To limit deeper sleep states and disable Turbo Boost on Amazon Linux

  1. Open the /boot/grub/grub.conf file with your editor of choice.

    Copy
    [ec2-user ~]$ sudo vim /boot/grub/grub.conf
  2. Edit the kernel line of the first entry and add the intel_idle.max_cstate=1 option to set C1 as the deepest C-state for idle cores.

    # created by imagebuilder
    default=0
    timeout=1
    hiddenmenu
    
    title Amazon Linux 2014.09 (3.14.26-24.46.amzn1.x86_64)
    root (hd0,0)
    kernel /boot/vmlinuz-3.14.26-24.46.amzn1.x86_64 root=LABEL=/ console=ttyS0 intel_idle.max_cstate=1
    initrd /boot/initramfs-3.14.26-24.46.amzn1.x86_64.img
  3. Save the file and exit your editor.

  4. Reboot your instance to enable the new kernel option.

    Copy
    [ec2-user ~]$ sudo reboot
  5. When you need the low processor speed variability that the P1 P-state provides, execute the following command to disable Turbo Boost.

    Copy
    [ec2-user ~]$ sudo sh -c "echo 1 > /sys/devices/system/cpu/intel_pstate/no_turbo"
  6. When your workload is finished, you can re-enable Turbo Boost with the following command.

    Copy
    [ec2-user ~]$ sudo sh -c "echo 0 > /sys/devices/system/cpu/intel_pstate/no_turbo"

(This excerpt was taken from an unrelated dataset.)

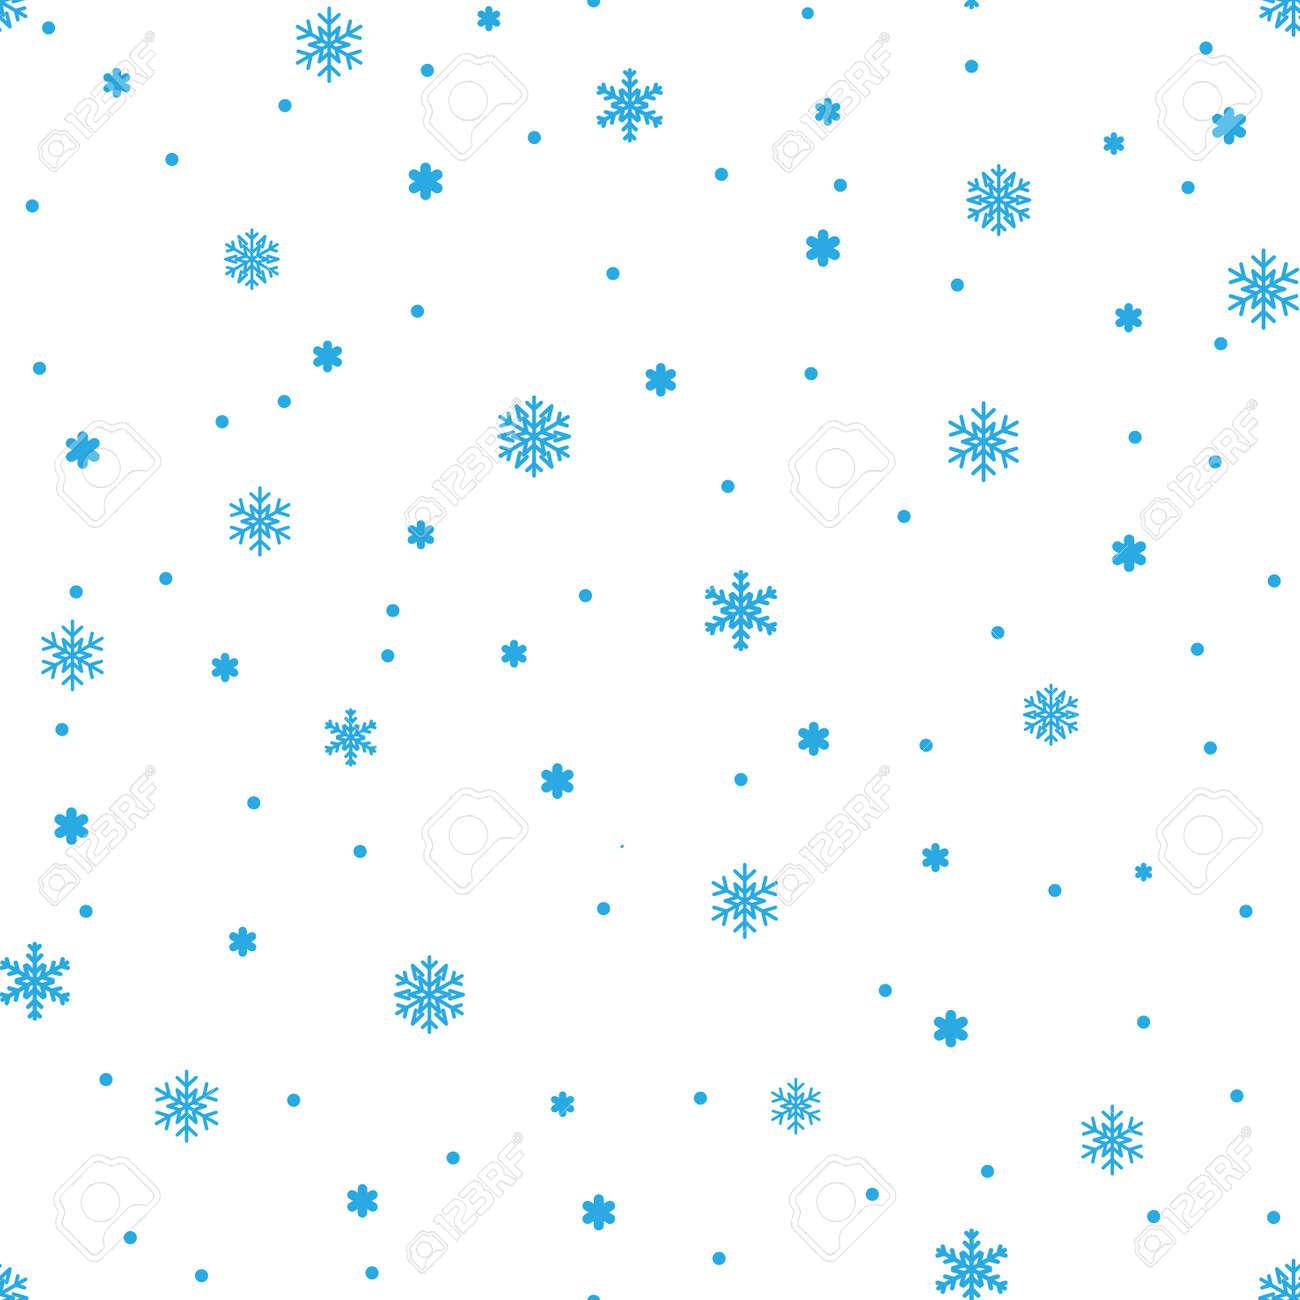 Snowflake Simple Seamless Pattern Blue Snow On White Background

The following example shows a c4.8xlarge instance with two vCPUs actively performing work at the baseline core frequency, with no Turbo Boost.

Copy
[ec2-user ~]$ sudo turbostat stress -c 2 -t 10 stress: info: [5389] dispatching hogs: 2 cpu, 0 io, 0 vm, 0 hdd stress: info: [5389] successful run completed in 10s pk cor CPU %c0 GHz TSC SMI %c1 %c3 %c6 %c7 %pc2 %pc3 %pc6 %pc7 Pkg_W RAM_W PKG_% RAM_% 5.59 2.90 2.90 0 94.41 0.00 0.00 0.00 0.00 0.00 0.00 0.00 128.48 33.54 200.00 0.00 0 0 0 0.04 2.90 2.90 0 99.96 0.00 0.00 0.00 0.00 0.00 0.00 0.00 65.33 19.02 100.00 0.00 0 0 18 0.04 2.90 2.90 0 99.96 0 1 1 0.05 2.90 2.90 0 99.95 0.00 0.00 0.00 0 1 19 0.04 2.90 2.90 0 99.96 0 2 2 0.04 2.90 2.90 0 99.96 0.00 0.00 0.00 0 2 20 0.04 2.90 2.90 0 99.96 0 3 3 0.05 2.90 2.90 0 99.95 0.00 0.00 0.00 0 3 21 99.95 2.90 2.90 0 0.05 ... 1 1 28 99.92 2.90 2.90 0 0.08 1 2 11 0.06 2.90 2.90 0 99.94 0.00 0.00 0.00 1 2 29 0.05 2.90 2.90 0 99.95

The cores for vCPUs 21 and 28 are actively performing work at the baseline processor speed of 2.9 GHz, and all inactive cores are also running at the baseline speed in the C1 C-state, ready to accept instructions.